«Теперь мне предстояло разбирать коллекцию эльзевиров, наиболее полную, как говорили, в мире. Описание эльзевиров — наука особого рода. Имелся, конечно, печатный каталог на французском языке для ориентации, имелась и линеечка слоновой кости для измерения полей («обрезанный» или «необрезанный» экземпляр), а это очень важно в библиотечном деле.

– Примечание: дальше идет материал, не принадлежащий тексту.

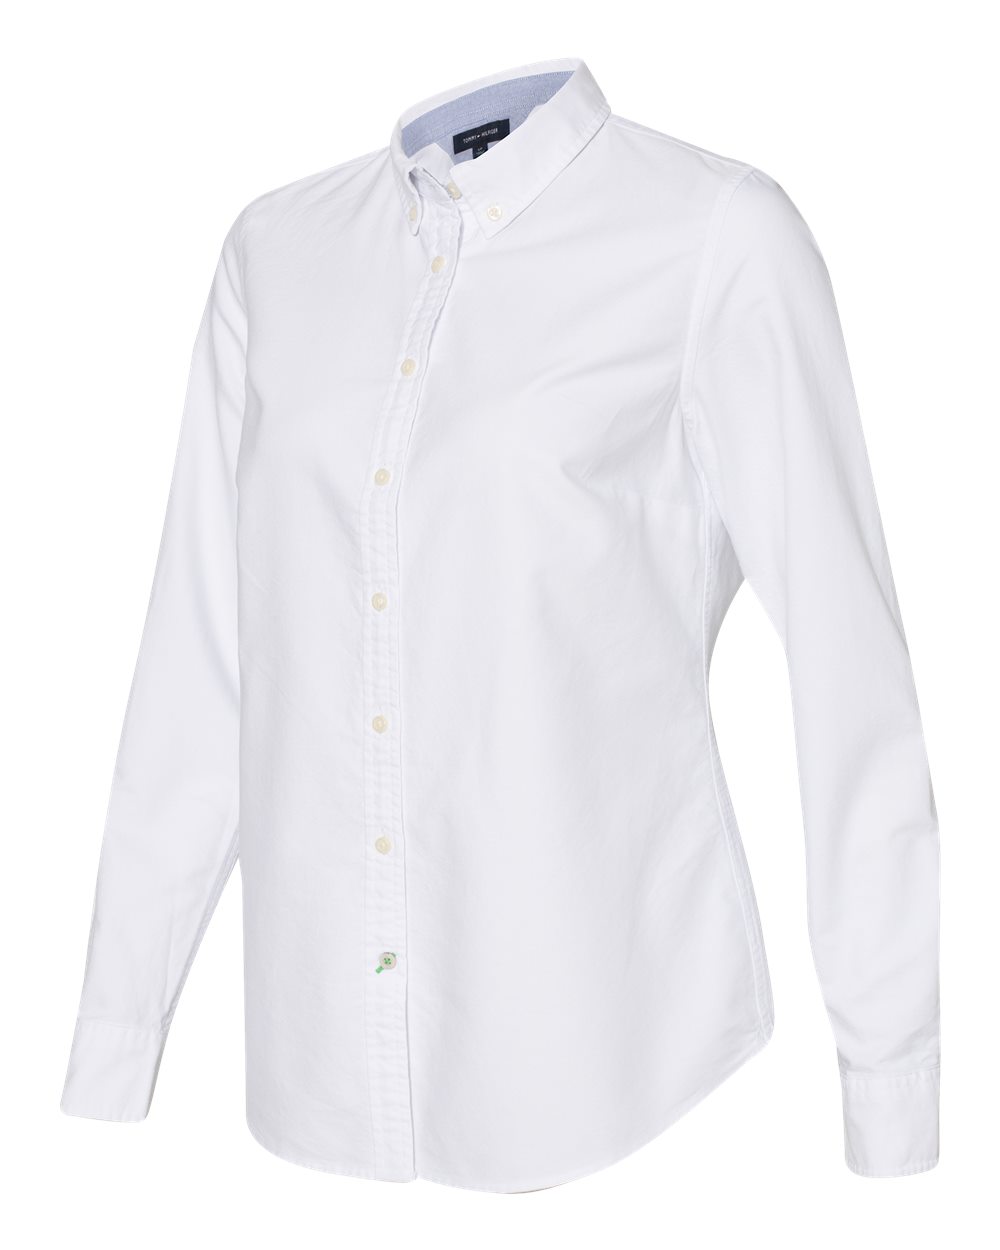 tommy hilfiger white shirt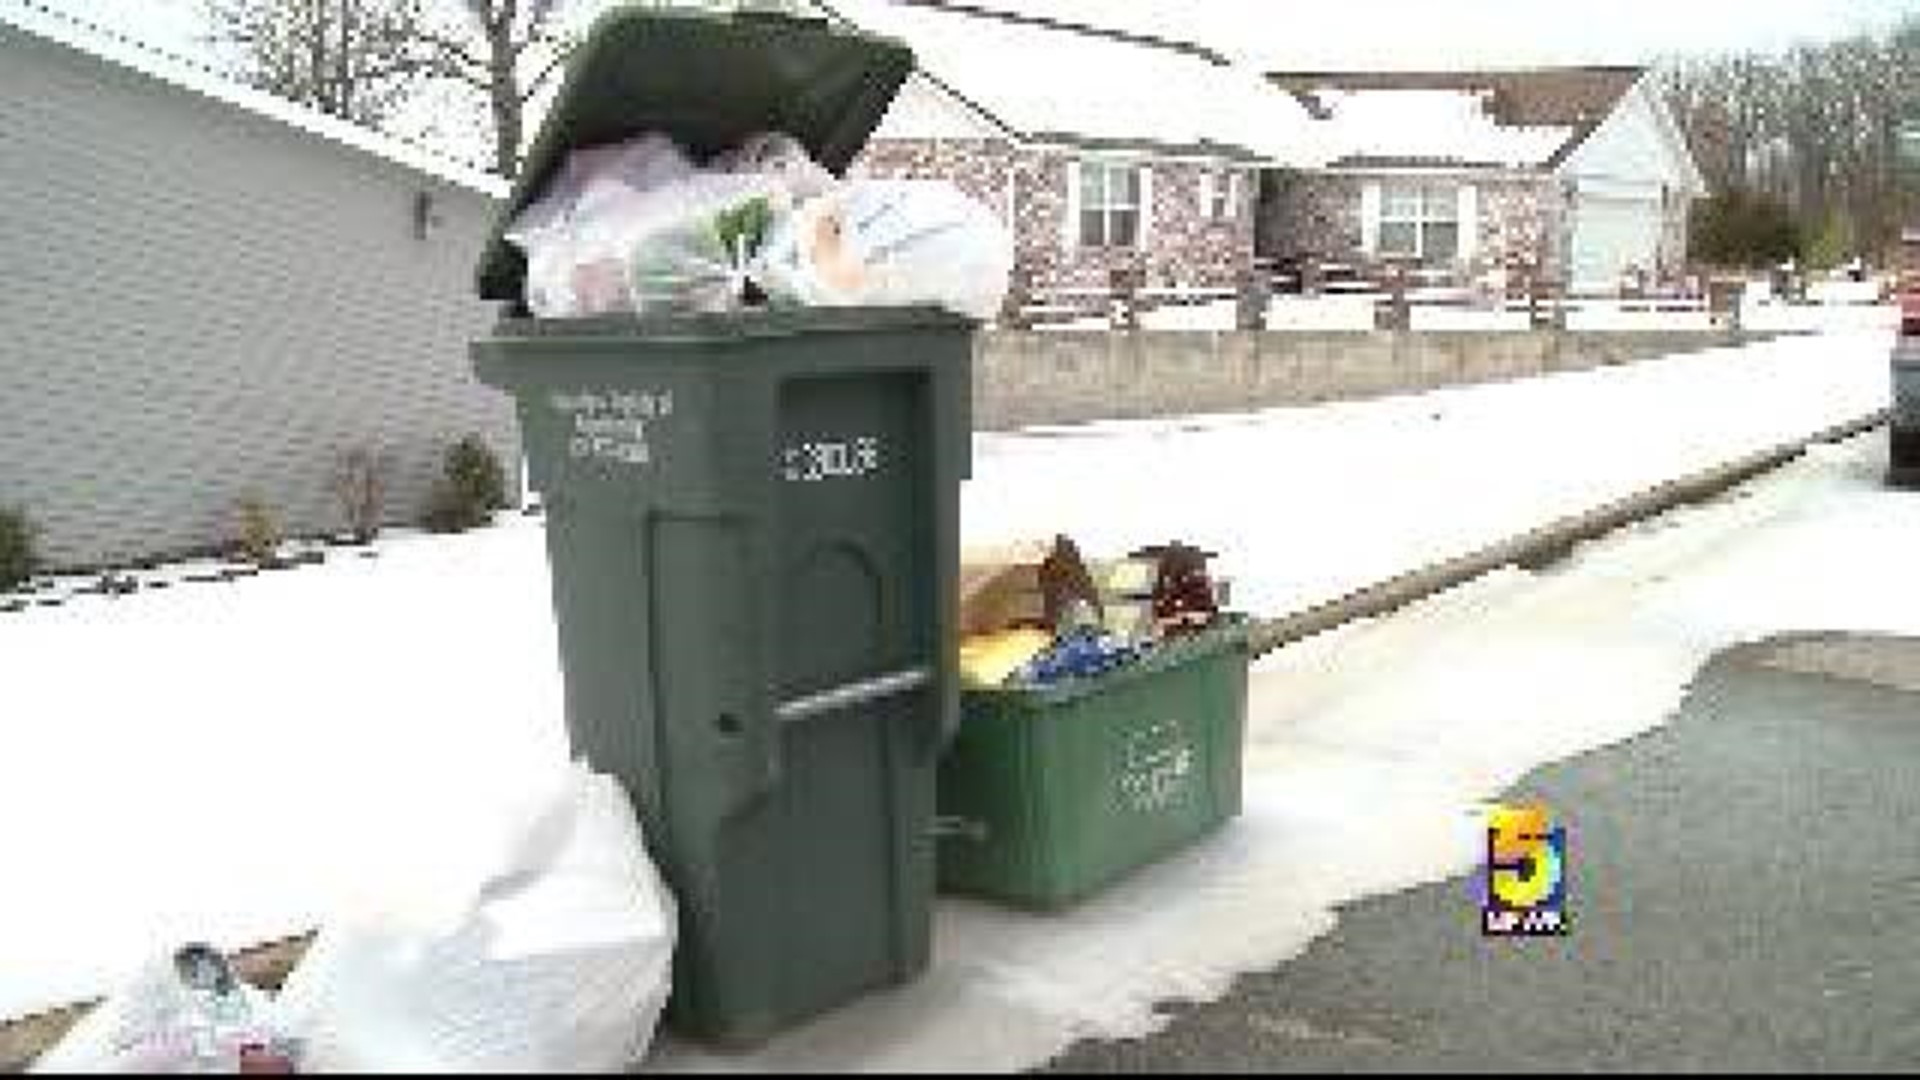 Fayetteville Trash Service Delayed

Самое лучшее было то, что ящики с эльзевирами помещены временно в так называемом “Кабинете Фауста”, тогда еще не изуродованном варварами XX века. А “Кабинет Фауста” был одновременно и кабинетом директора библиотеки Э.Л. Радлова, и ежедневно общаться с ним было для меня дополнительным удовольствием. Эрнст Львович благоволил ко мне. <…> Посетители приходили в отделение не только к Эрнсту Львовичу, но и ко мне. Их было два: В.О. Петерсен, который спрашивал меня, не знаю ли я, где ключ от такой-то витрины, которого я в глаза не видала, хотя и принимала участие во всех устраиваемых выставках. Это был предлог, чтобы между прочим договориться о каком-либо совместном предприятии, и А.И. Доватур, приходивший брать сочинения своих Стратонов и Плиниев».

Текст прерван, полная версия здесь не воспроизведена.